China holds a dominant position in the global solar market, controlling 97% of polysilicon production and 80% of solar module manufacturing, making it challenging for India to compete due to lower prices.Ajay Srivastava, GTRI’s founder, pointed out that while initiatives like the production-linked incentive (PLI) scheme aim to bolster local manufacturing, their impact is limited because they heavily rely on imported components.

The report indicates that India’s solar manufacturing industry is still in its infancy, with most projects depending on imported ready-to-use modules. Last fiscal year, imports of ready-to-use solar modules totaled $4.4 billion, with additional imports of $1.9 billion for solar cells and $1 billion for essential components like inverters and cables.

The report also notes that local production is heavily reliant on imports and primarily focuses on the final assembly stages. Approximately 90% of solar manufacturing in India involves assembling modules from imported cells, resulting in only 15% local value addition.

To reduce import dependency, India needs to start producing solar cells from scratch using silica sands, a process that requires expensive and energy-intensive polysilicon production and advanced technology. The report underscores the need for local production of materials like aluminum frames and glass, which will demand significant research and development efforts alongside government support.

In 2023, China emerged as India’s largest supplier, providing $3.89 billion worth of solar cells and modules, followed by Vietnam ($1.02 billion), Malaysia ($549.8 million), and Thailand ($248.8 million).

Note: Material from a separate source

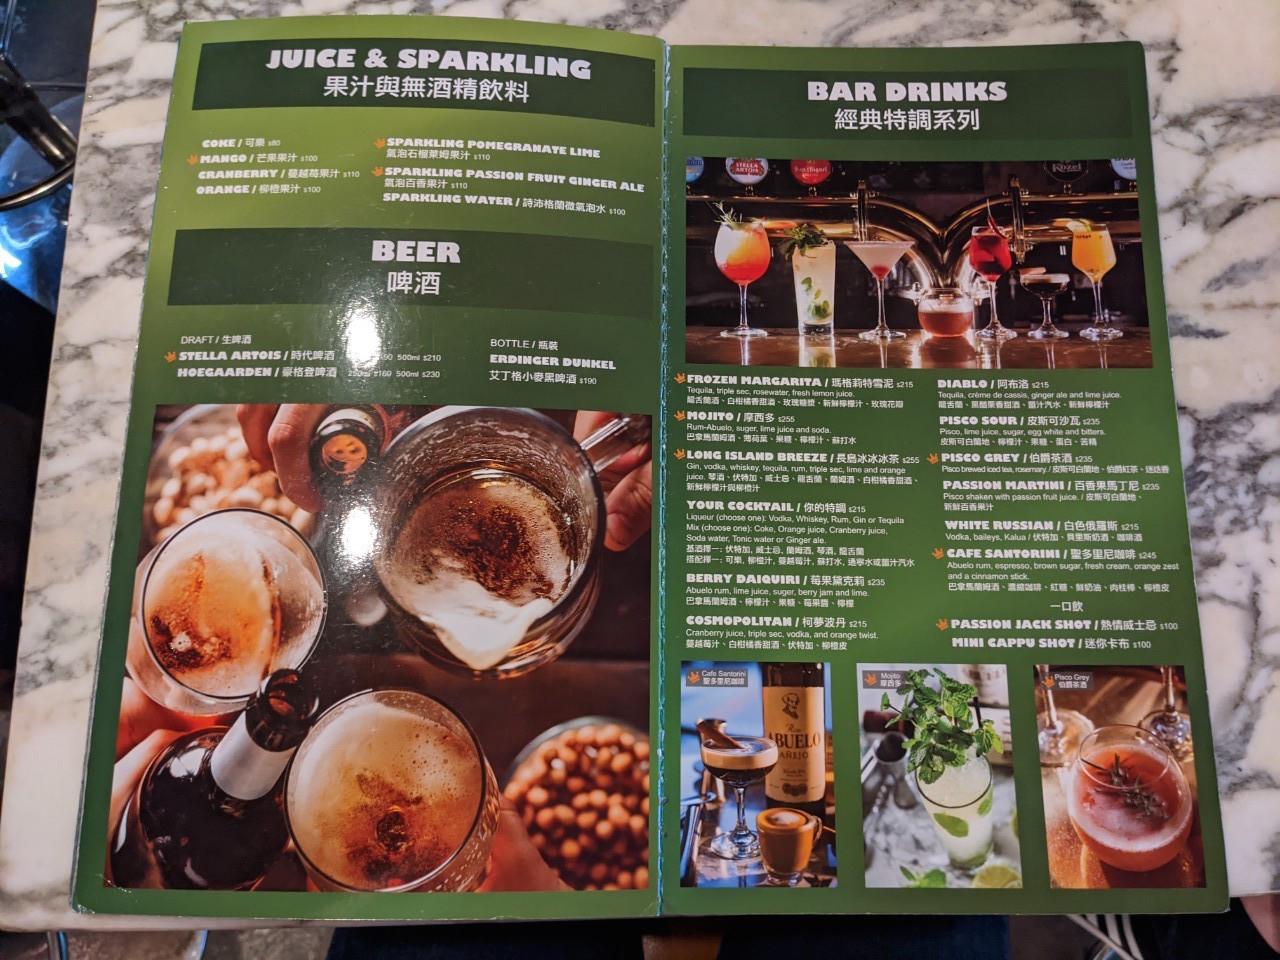 台北東區地中海料理餐廳-TOASTERiA CAFE 吐司利亞
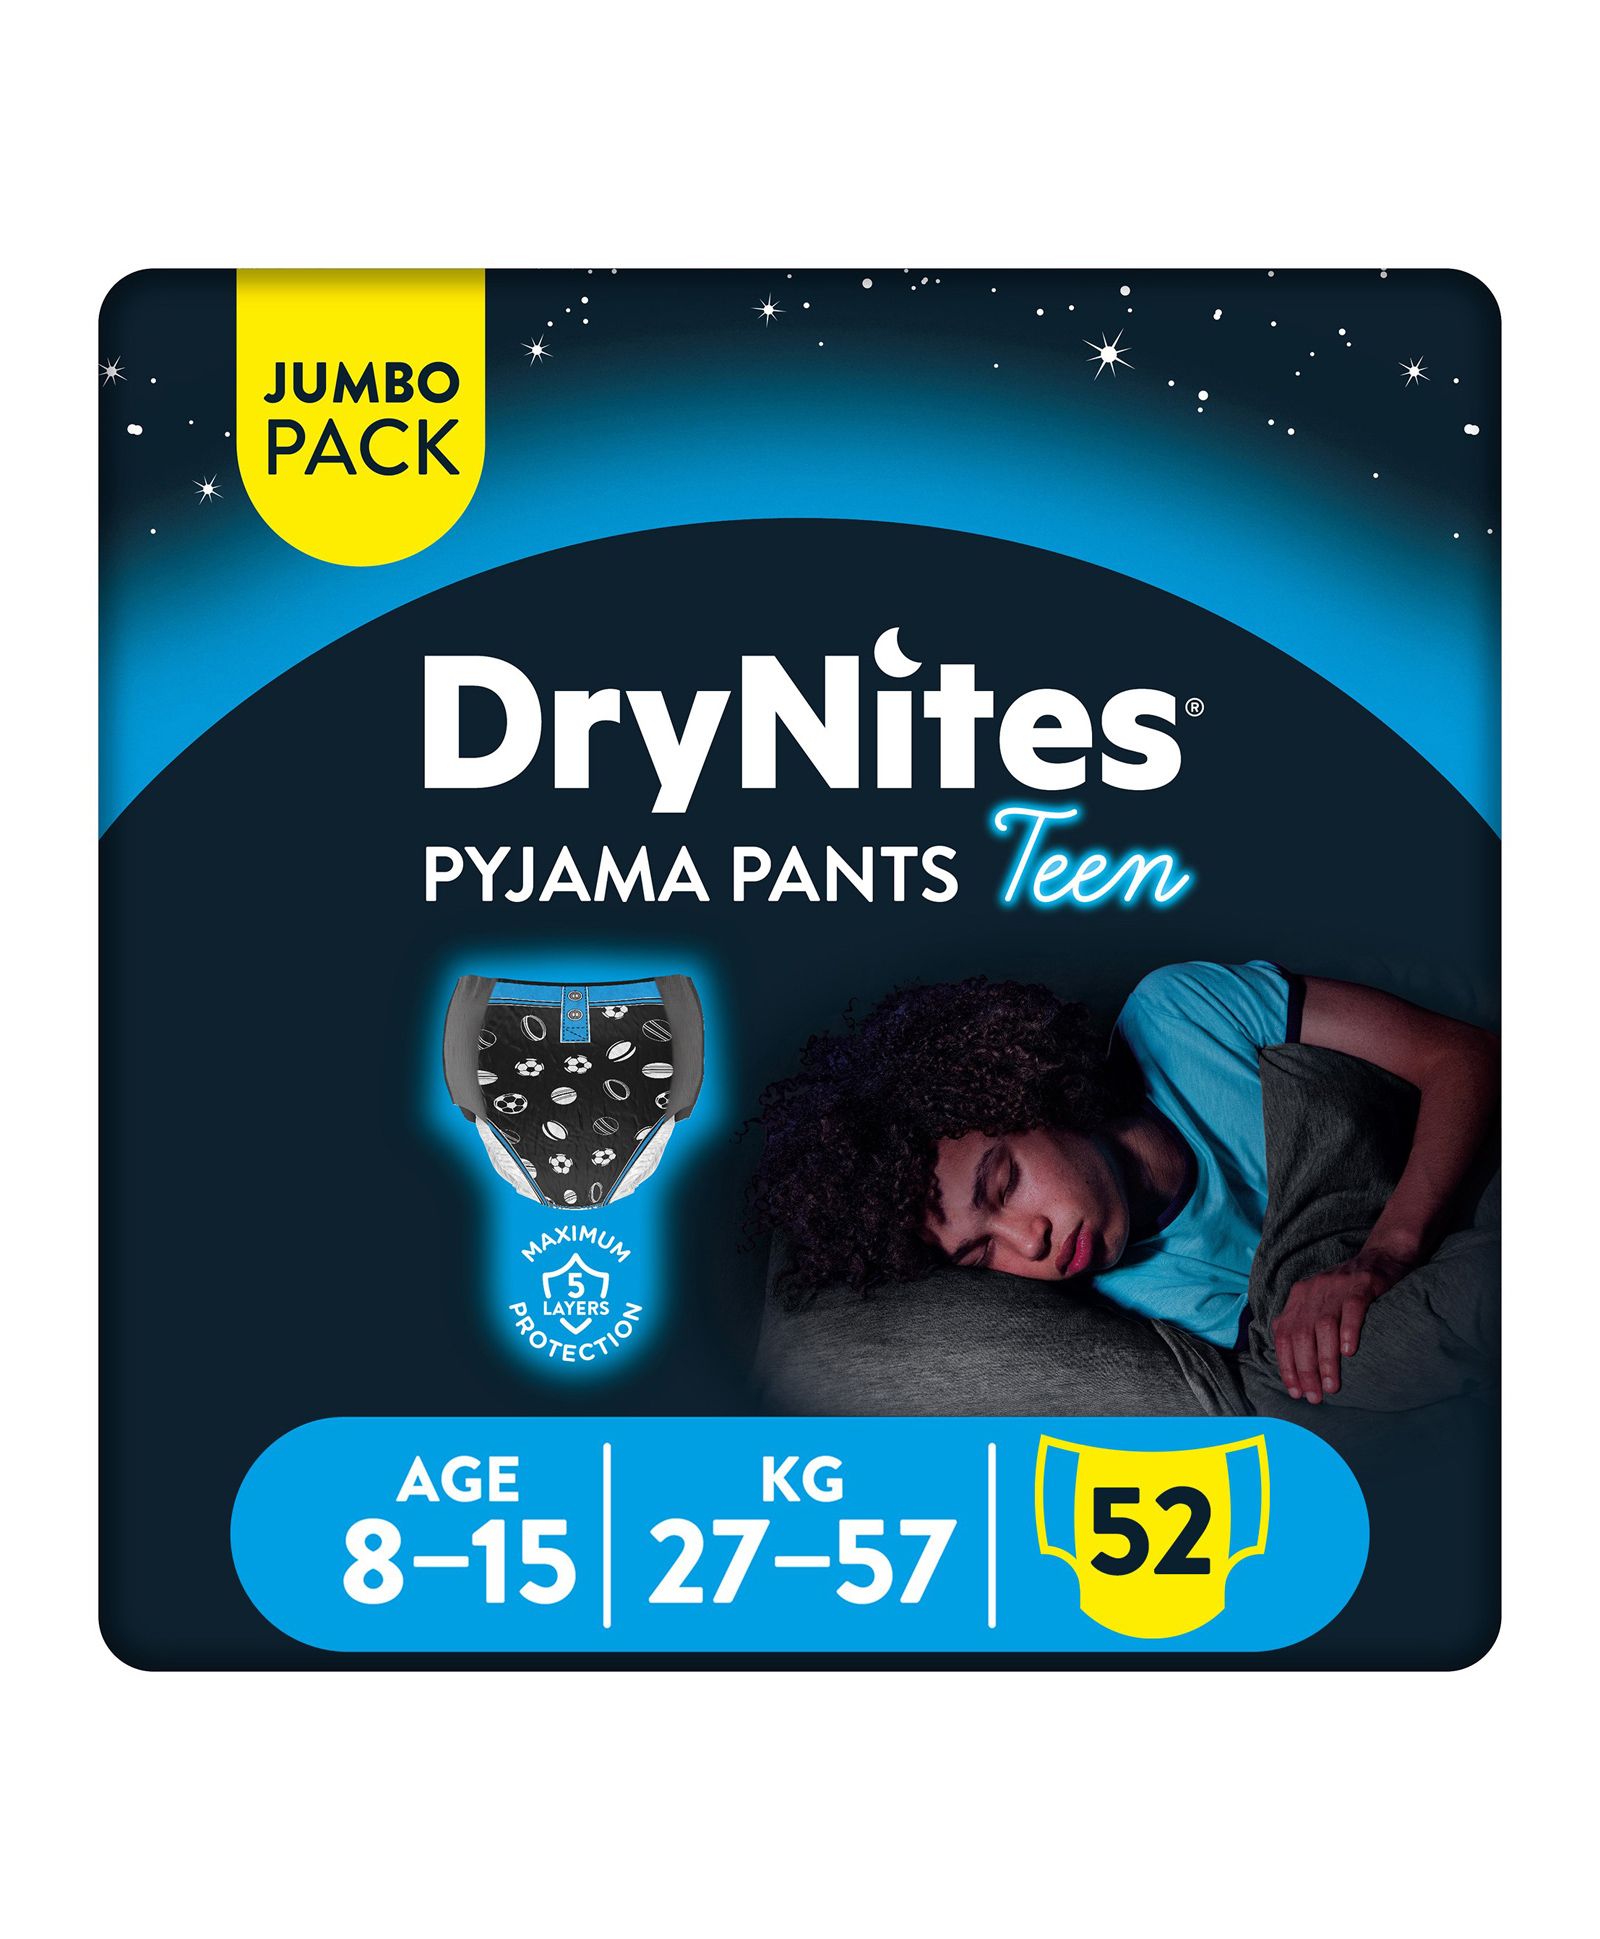 Huggies Dry Nights Pyjama Pant Diaper For Boys 52 Diapers Online In Uae Buy At Best Price 4055

While India has imposed customs duties of 40% on solar modules and 25% on solar cells to decrease reliance on Chinese imports, products from Vietnam, Malaysia, and Thailand are exempt from these tariffs under the India-ASEAN free trade agreement, as long as they add at least 35% value to the imported inputs.

The think tank has proposed seven strategies to enhance domestic manufacturing and reduce imports, including encouraging investments in the entire solar production chain, from raw materials to finished products.

There is also an urgent call to build local production capacity for essential materials and expand the PLI scheme to cover early-stage solar manufacturing while providing targeted subsidies to attract private investment.

GTRI suggests India should collaborate with the US, EU, and Japan to establish large-scale solar manufacturing facilities, creating a robust and independent solar industry. Furthermore, it recommends reassessing current import duties to support local manufacturing without imposing higher costs on consumers.

The report by GTRI emphasizes that the global transition from fossil fuels to renewable energy, led by the US, EU, Japan, and India, will heavily rely on solar power, which constitutes a significant portion of the renewable energy mix in many countries. China’s dominance in global solar production, accounting for over 80% of output and controlling 97% of polysilicon supply, highlights the need for a strategic shift in India’s approach to solar manufacturing.